3.3 General measures
• Vaccinations (influenza, pneumococcus, HBV, HPV) before immunosuppression.
• Screen for latent TB and viral hepatitis prior to biologics.
• Calcium/vitamin D + bisphosphonate prophylaxis if long-term steroids.
• Colonoscopic dysplasia surveillance: begin 8 y after diagnosis in pancolitis (interval 1–3 y).

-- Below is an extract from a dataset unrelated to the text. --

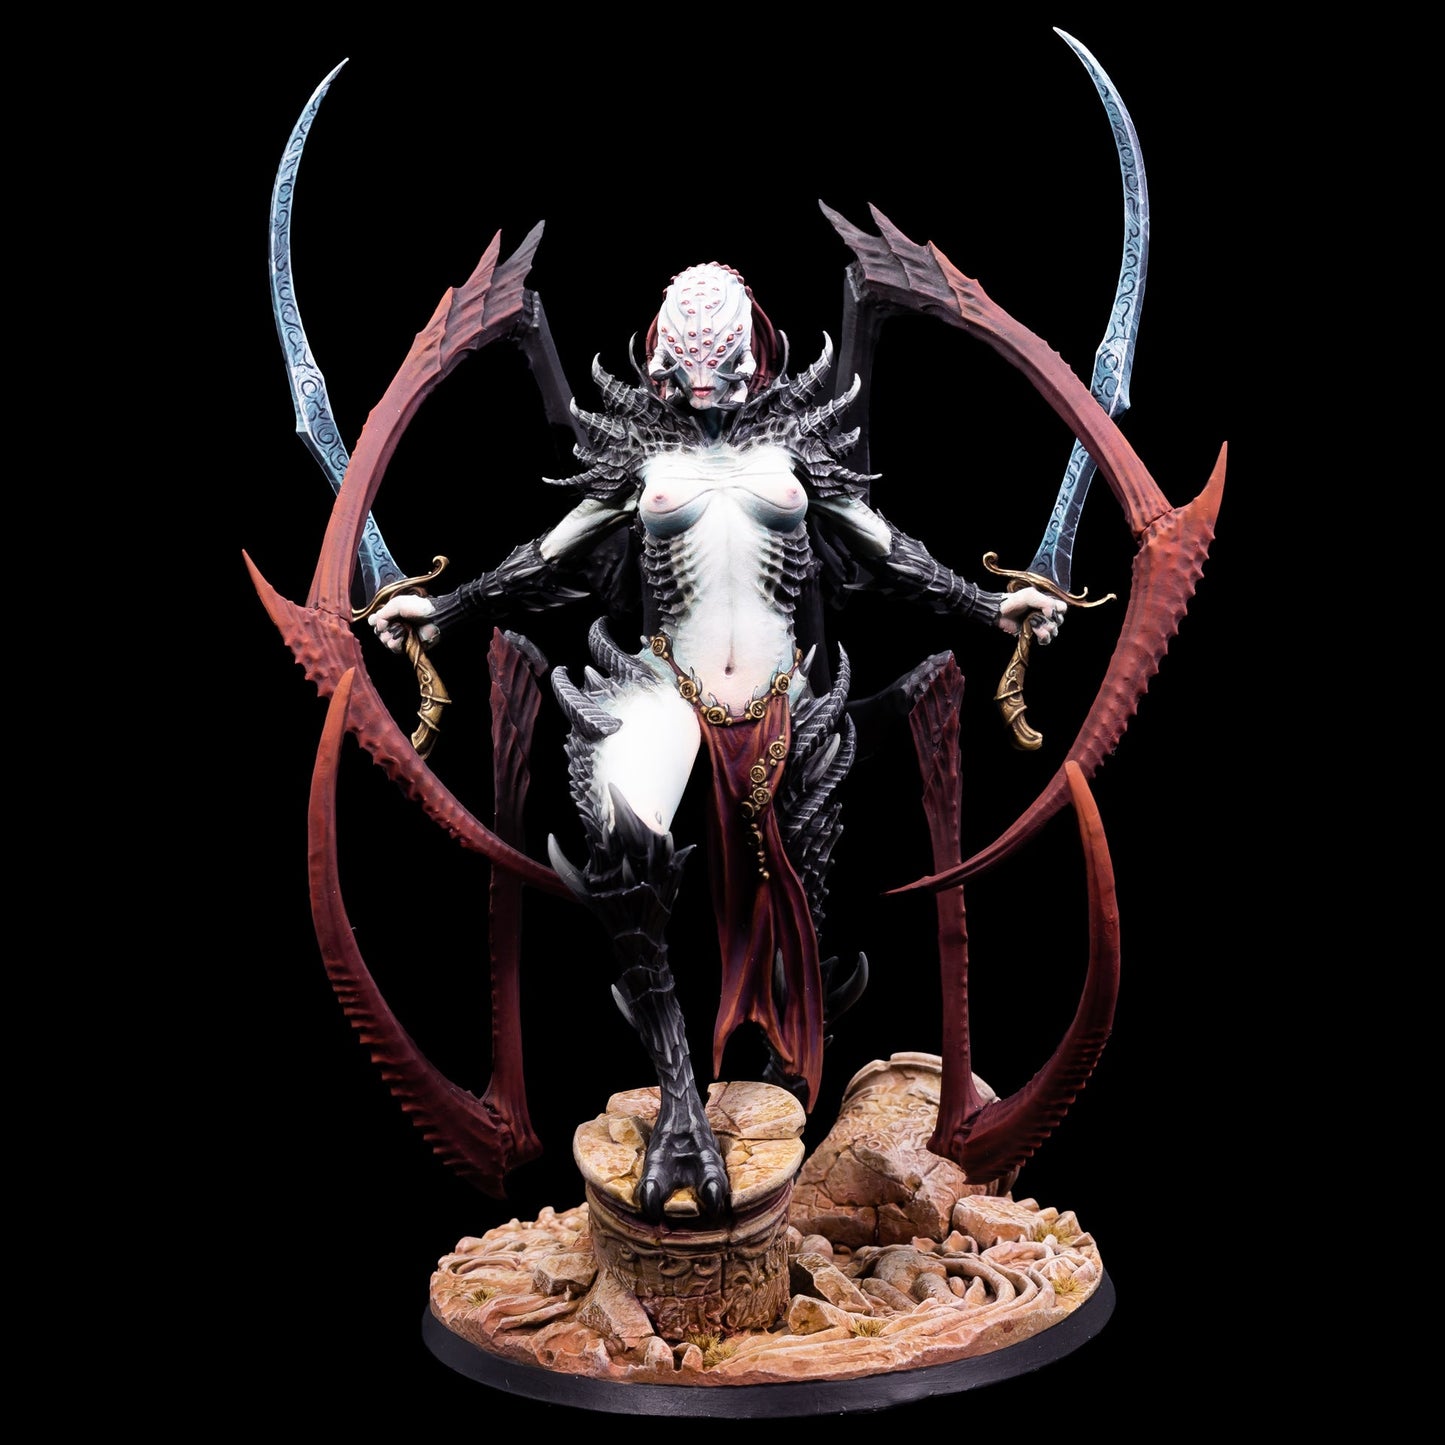 Nephila - Spider Demon Limited Edition Variant
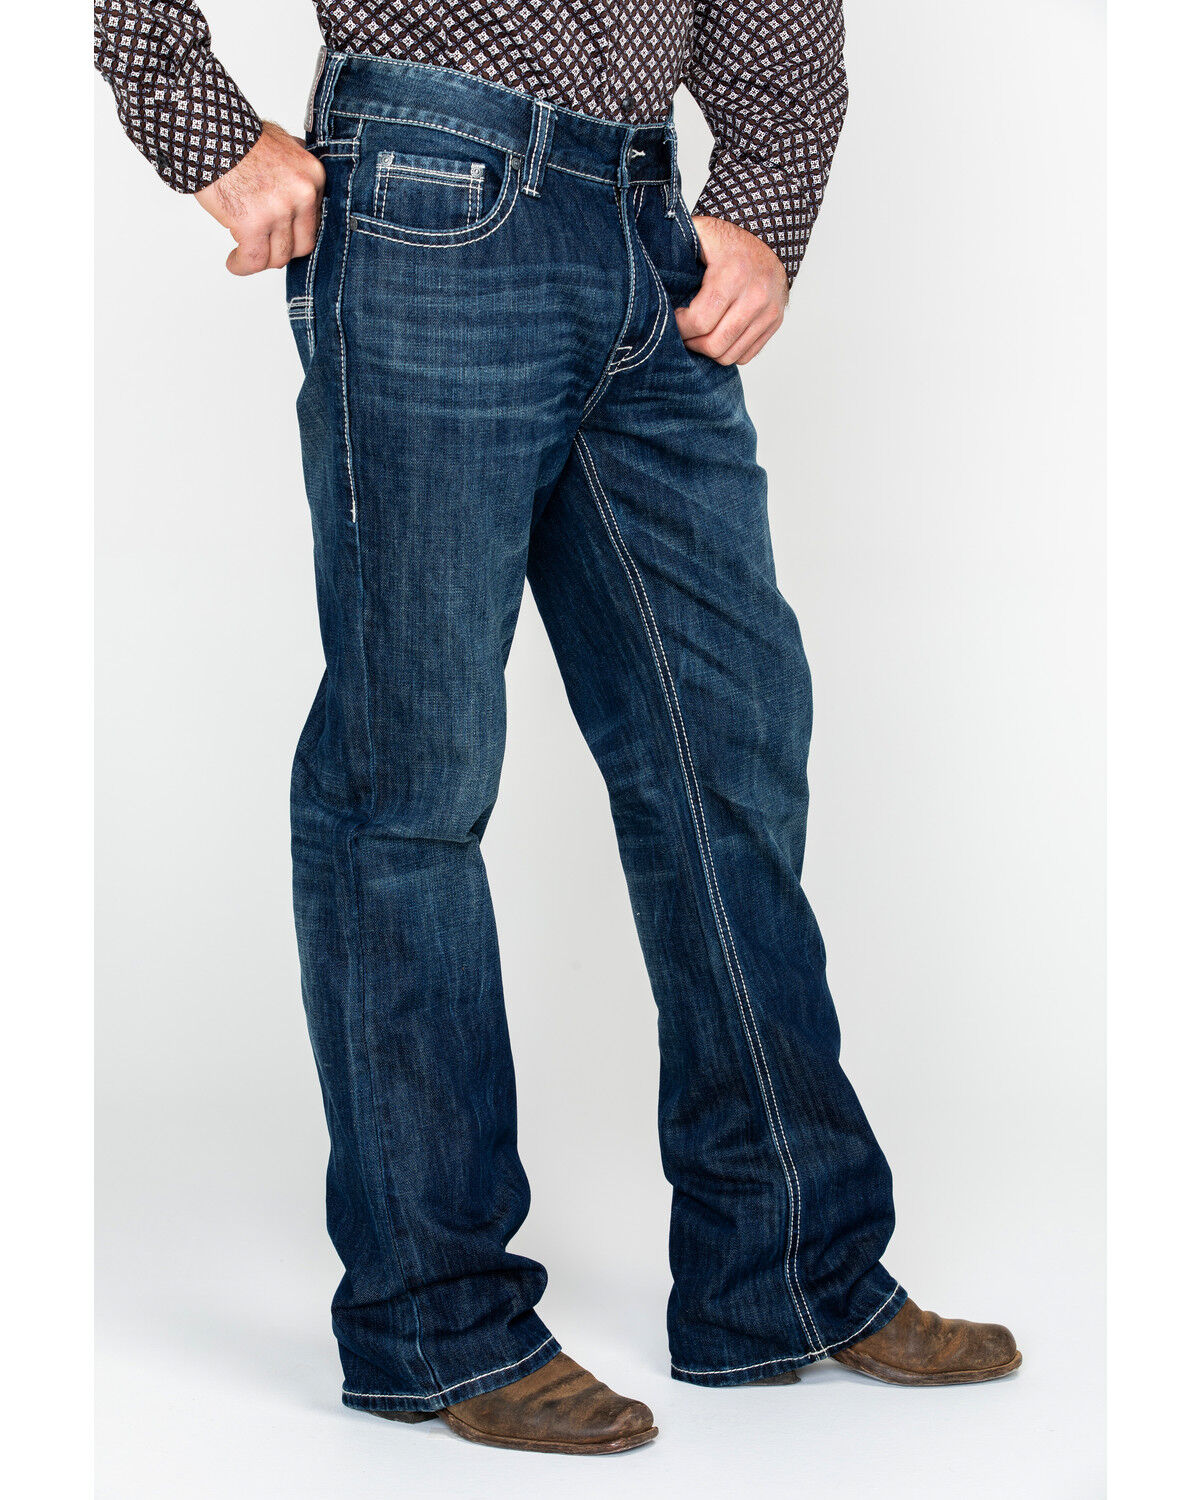 mens dark blue jeans with white stitching

──────────────────────────────────────── 4. Prognosis ──────────────────────────────────────── • Up to 50 % of CD patients will require at least one surgery within 10 y; postoperative biologic therapy halves recurrence-free intervals.
• Colectomy is curative for colonic UC but does not remove extra-intestinal risks.
• With early use of steroid-sparing and biologic agents, sustained deep remission (clinical + endoscopic) is achievable in 40–60 % of patients within 1–2 y.⁷

──────────────────────────────────────── References (primary texts & key guidelines) ──────────────────────────────────────── 1. Colombel J-F, Mahadevan U. Inflammatory Bowel Disease. In: Jameson J et al., eds. Harrison’s Principles of Internal Medicine. 21st ed. New York: McGraw-Hill; 2022. Ch 357.
2. Podolsky DK. Inflammatory Bowel Disease. N Engl J Med. 2002;347:417-429.
3. Baumgart DC, Sandborn WJ. Crohn’s Disease. Lancet. 2012;380:1590-1605.
4. Kostic AD, Xavier RJ, Gevers D. The Microbiome in IBD. Nat Rev Gastroenterol Hepatol. 2014;11:497-505.
5. Feuerstein JD, Issokson LS, et al. ACG Clinical Guideline: Ulcerative Colitis in Adults. Am J Gastroenterol. 2020;115:1628-1652.
6. Lichtenstein GR, Loftus EV Jr, et al. ACG Clinical Guideline: Management of Crohn’s Disease. Am J Gastroenterol. 2018;113:481-517.
7. Louis E, et al. Early Combined Immunosuppression for CD (SONIC trial). N Engl J Med. 2010;362:1383-1395.

(Chapter numbers correspond to the 21st edition of Harrison’s Principles of Internal Medicine, 2022.)